Excavator drones have been studied as a first step. They seek out females: you can sense them underground and wait precisely for them to surface. When females reach the surface, males become territorial and have been known to compete for females.
Generally speaking, solitary bees have a short lifespan with sole focus on reproduction as colony bees. Once they mate, they die and new bees continue the cycle.
Facts about Digger bees
Finding information about Digger bees can be difficult because they are not as popular, or respected as bees. Here are some answers to frequently asked questions about mining bees.
Do Digger bees produce honey?
While diggers are associated with bees, they do not produce honey. In fact, bees are the only ones that produce honey the way we like it. Although excavators don’t produce anything we can harvest directly, they are efficient pollinators and we owe them a lot (like our food).
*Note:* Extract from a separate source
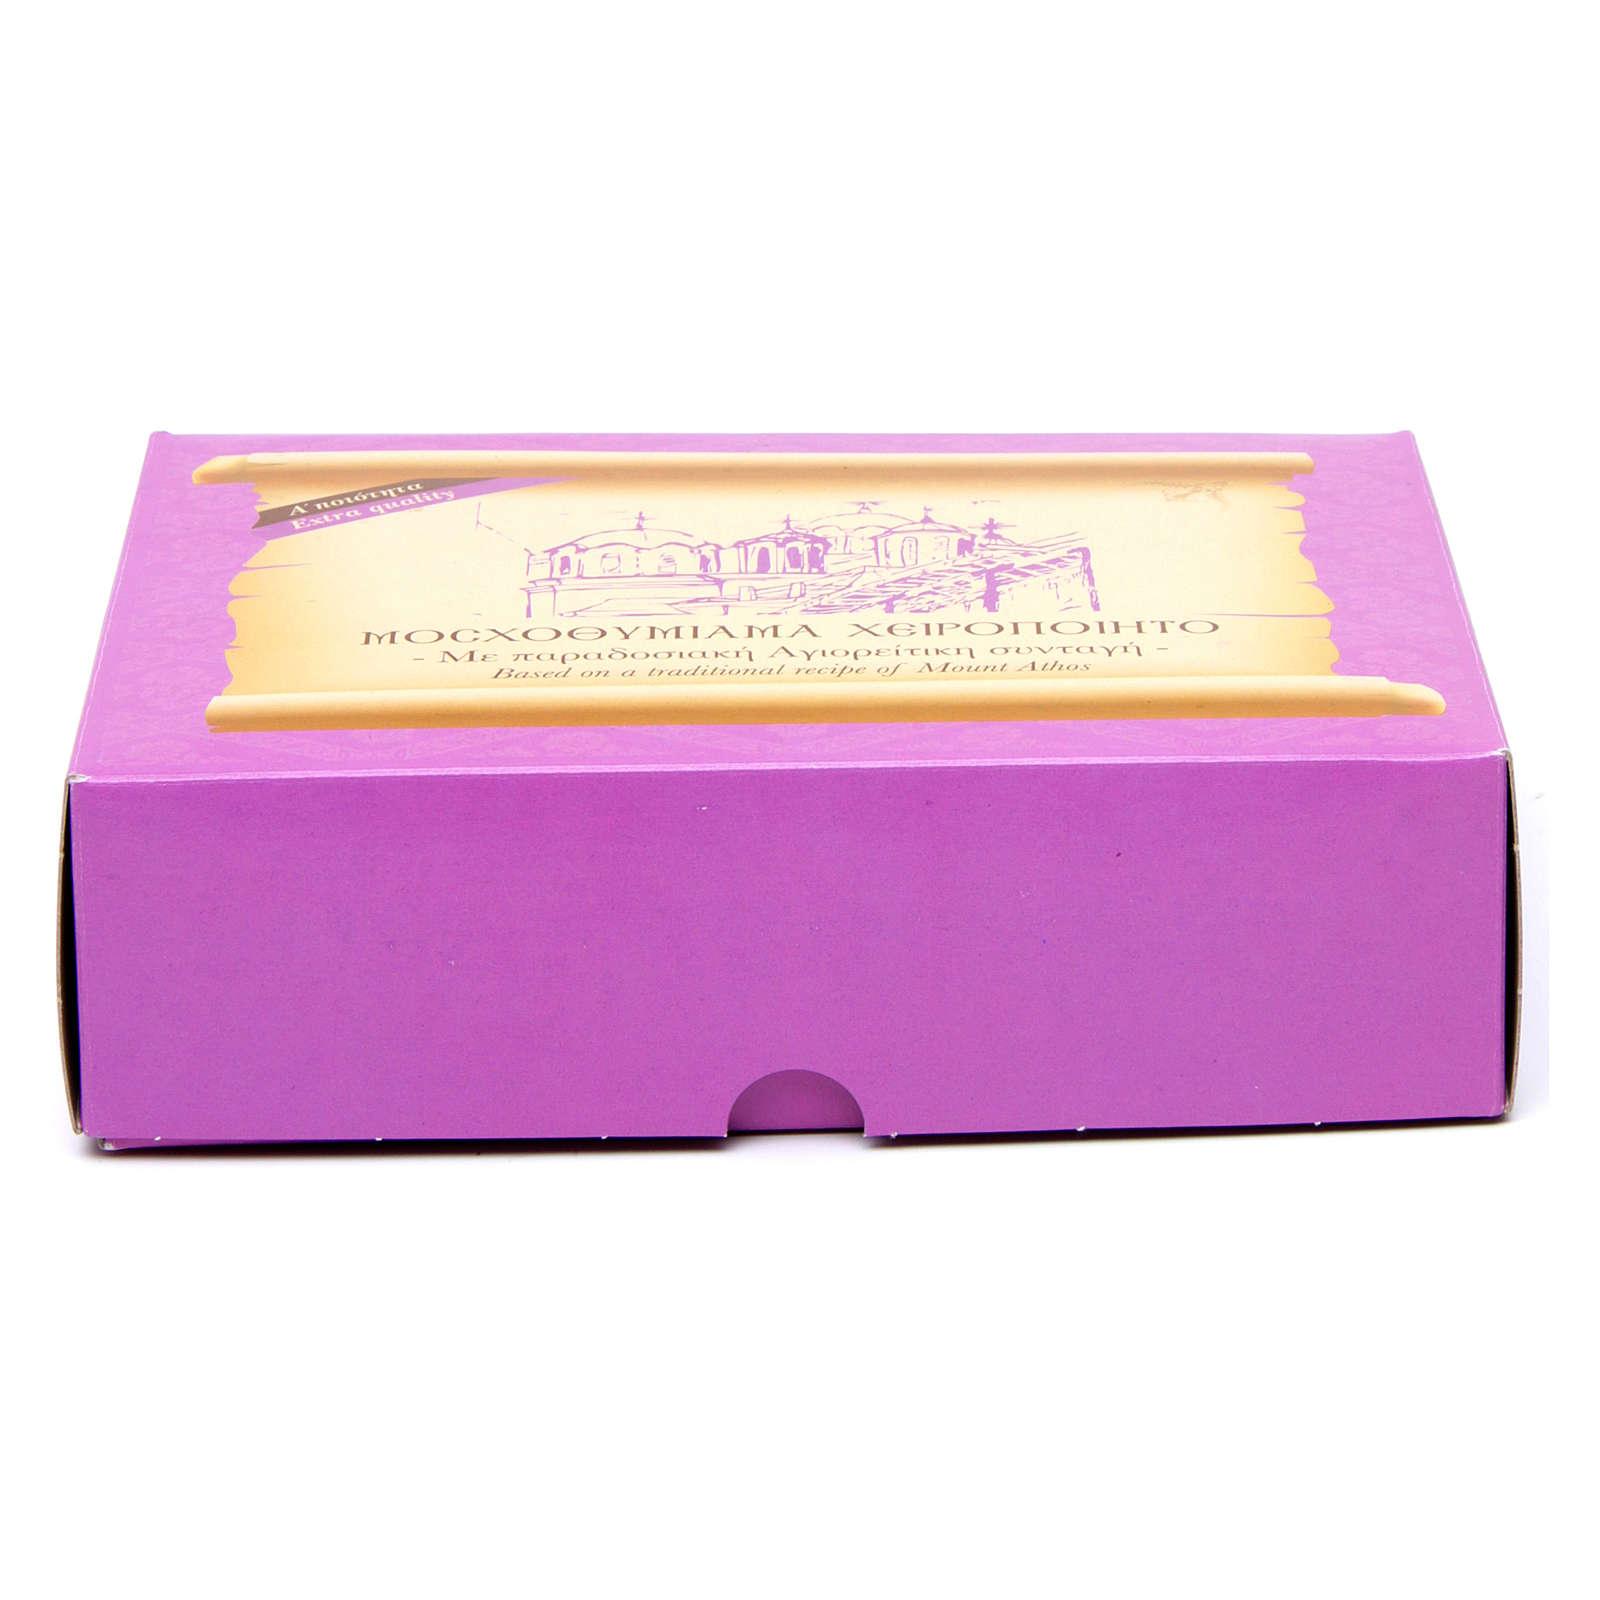 Poppy-scented Greek incense 1 kg 3

However, they secrete wax (or wax-like substances), which are used to build subterranean cells.
Is Digger bees Dangerous?
Not sure that Digger bees are aggressive, but of course there is the usual disclaimer that they will attack if provoked. They are more docile than other bees (their stings are smaller), but the risks are different.
More aggressive ground-nesting insects such as yellow jackets are often mistaken for passive diggers. Be extra careful if you stumble in the house or on nearby hills. You may be dealing with wasps. While not inherently more aggressive, they are more easily provoked, and their sting is more unpleasant.
Are Digger bees threatened with extinction?
There’s no evidence that Digger bees are threatened, but that doesn’t mean they aren’t. Factors that put other bees on the vulnerable bee list (climate change, human interference, deforestation, etc.) still affect burrowers.
However, their greatest threat is humans. They look (and sometimes behave) like wasps, so Digger bees have an unfair reputation for being dangerous. When people don’t know they are docile and find them, they panic and order them removed.
While it’s understandable that not everyone likes bees around, Digger bees won’t bother us (or damage our property) if left to their own devices. Unfortunately, very little is known about it, and many Digger bees are killed due to our ignorance.
Digger bees are fascinating because they are very different from the bees we usually hear about. They nest underground in groups, and males have an advantage over other species. They are excellent pollinators, and their unconventional appearance makes them stand out.
Still, little information is available about mining bees as a whole. If you want to know more, you have to study individual species. These bees need more awareness so others can learn not to fear them or kill them unfairly.